Thursday, October 11, 2007

Chasing Loose Nukes by Lt. Col. Derek Duke, USAF, ret.

AUTHOR: Lt. Colonel Derek Duke, USAF, retired
PRICE: $13.42 (paper) $0.99 (download)
PUBLISHER: Dungan Books

On February, 5, 1958, a pair of B-47 bombers from the US Air Force engaged in a training mission with F-86 night-fighters. One of the F-86s collided with a B-47, and the F-86 crashed. The B-47 successfully landed, but had to jettison its Mark 15 Mod 0 hydrogen bomb into the ocean. The bomb was jettisoned over Warsaw Sound off of Tybee Island, Georgia. The USAF conducted a 90 day long search, but was unable to find the bomb.

This is the summary of facts about the Savannah lost nuclear bomb. The author, Lieutenant Colonel Derek Duke, USAF (retired), believes that the bomb is armed, and capable of detonating at any time. Since the weapon has a 3 megaton nuclear yield, the city of Savannah would be destroyed if it went off. His book, Chasing Loose Nukes, is ostensibly about the hunt for this weapon.

Except that it’s not. The first chapter of “Chasing Loose Nukes” is a rant about radiation exposure suffered during the US above-ground nuclear testing program. Chapter 2 is about the accident and response, concluding with a reproduction of the ordinance passed by the City Council of Tybee Island, GA, requesting that the Air Force find the bomb. The next several chapters are about other “Broken Arrow” incidents, which is the military term for lost nuclear weapons, including Chapter 7, which lists all “known” incidents. It’s not until Chapter 8 when we get back to the actual search. Even then, there is a lengthy digression about the 9/11 attacks, including the author’s efforts to secure the flight line of a pilot training operation at the municipal airport during the attack.

Several more chapters are devoted to detailed technical specifications of all aircraft involved in the Savannah incident, and the book closes with an epilogue admitting that they didn’t find the bomb. Following this, another 111 pages are devoted to appendixes providing technical information. One such appendix lists the radiation levels found in Warsaw Sound, which were deemed to be normal, and indicative of the bomb still being intact.

The book takes a very argumentative tone, in numerous places accusing the government of deliberate negligence with regards to weapons and radiation. In many cases, the government was indeed negligent. But one key allegation of “negligence” is very much in dispute, namely is the Savannah weapon armed?

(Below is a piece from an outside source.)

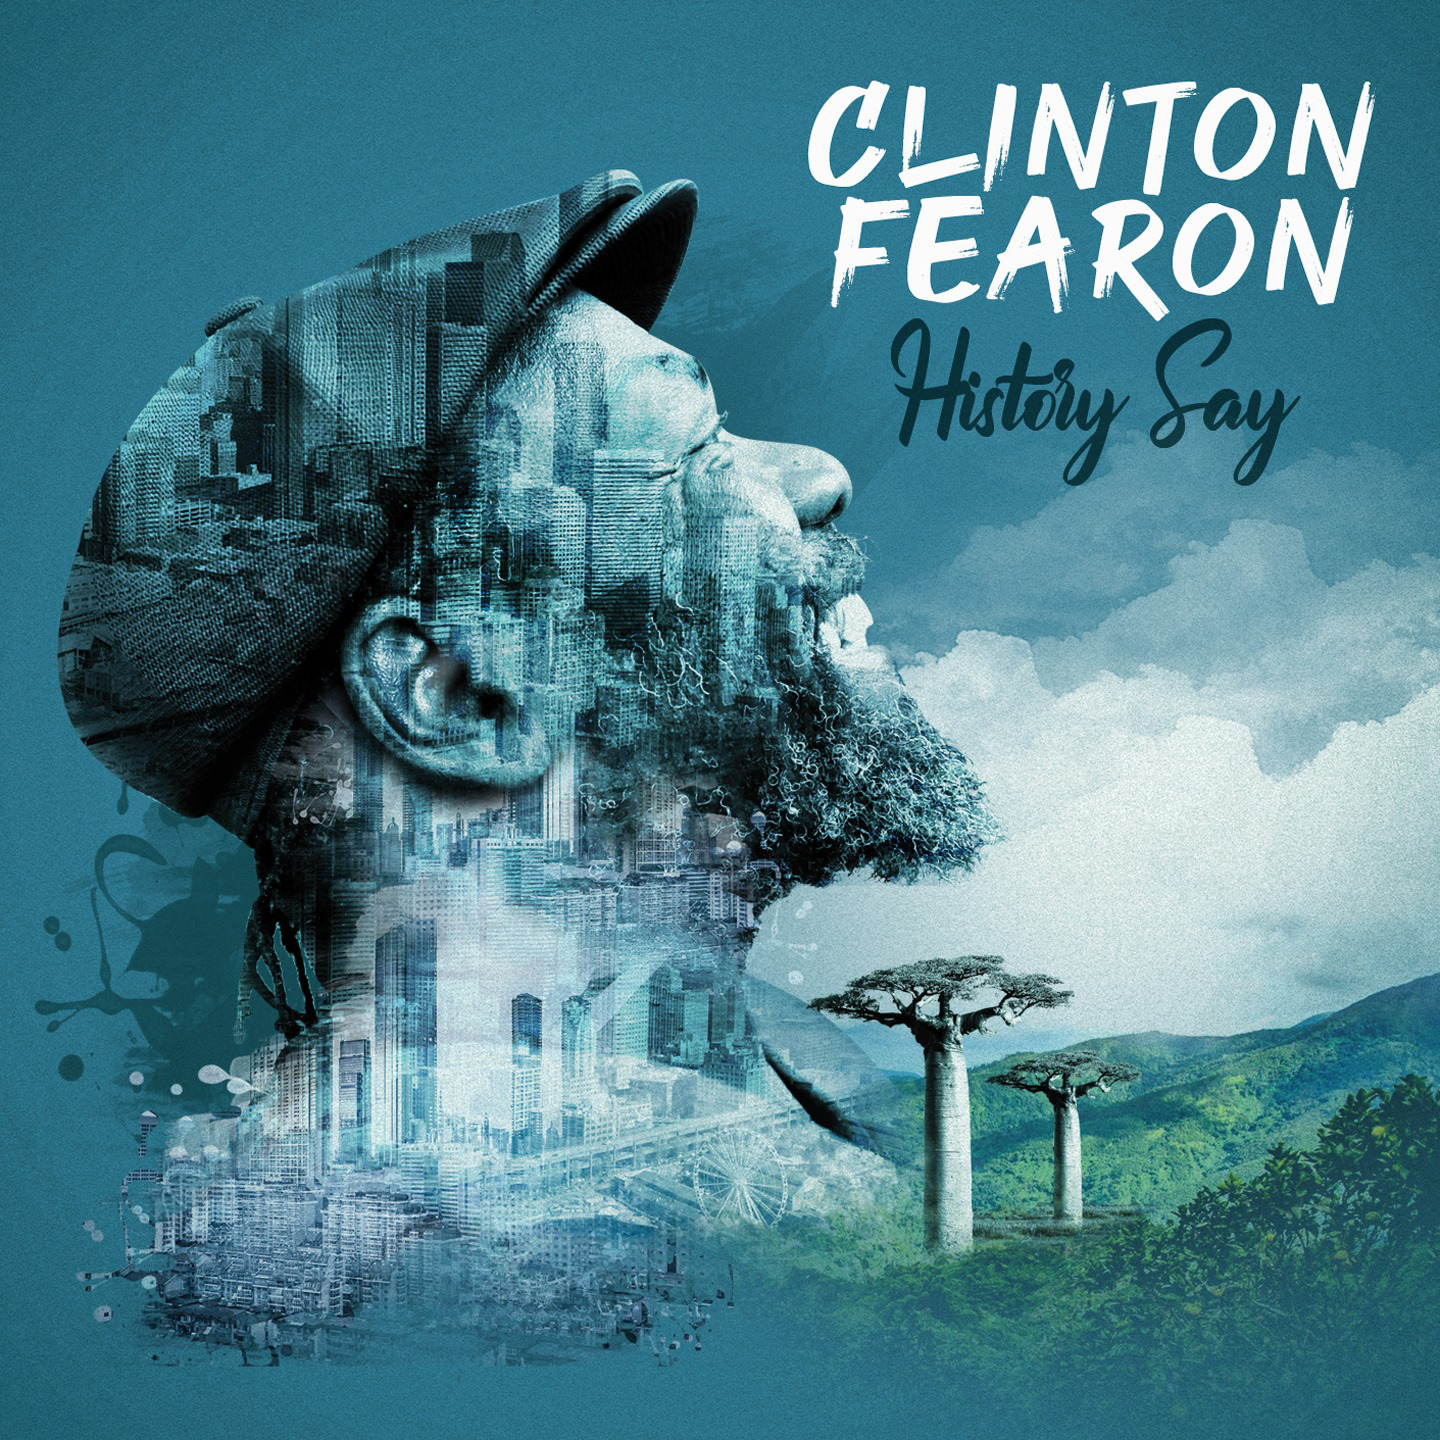 Cover de l'album Clinton Fearon - History Say. Réalisé par Loseou

Col. Duke says it is, based on testimony by the Assistant Secretary of Defense, given to Congress in 1966. The Air Force says it’s not, and one piece of contemporaneous proof, reproduced as an image in the book, agrees with the Air Force. The Mark 15 Mod 0 bomb consisted of two parts – a bomb proper and a removable detonator. Detonator is probably a bad word – thermonuclear bombs like the Mark 15 use a small atomic bomb to start the nuclear reaction. The Air Force, and a receipt, reproduced in the book, says the detonator was not on board. Despite this, Col. Duke repeatedly says the bomb could go off and wipe out the Savannah area.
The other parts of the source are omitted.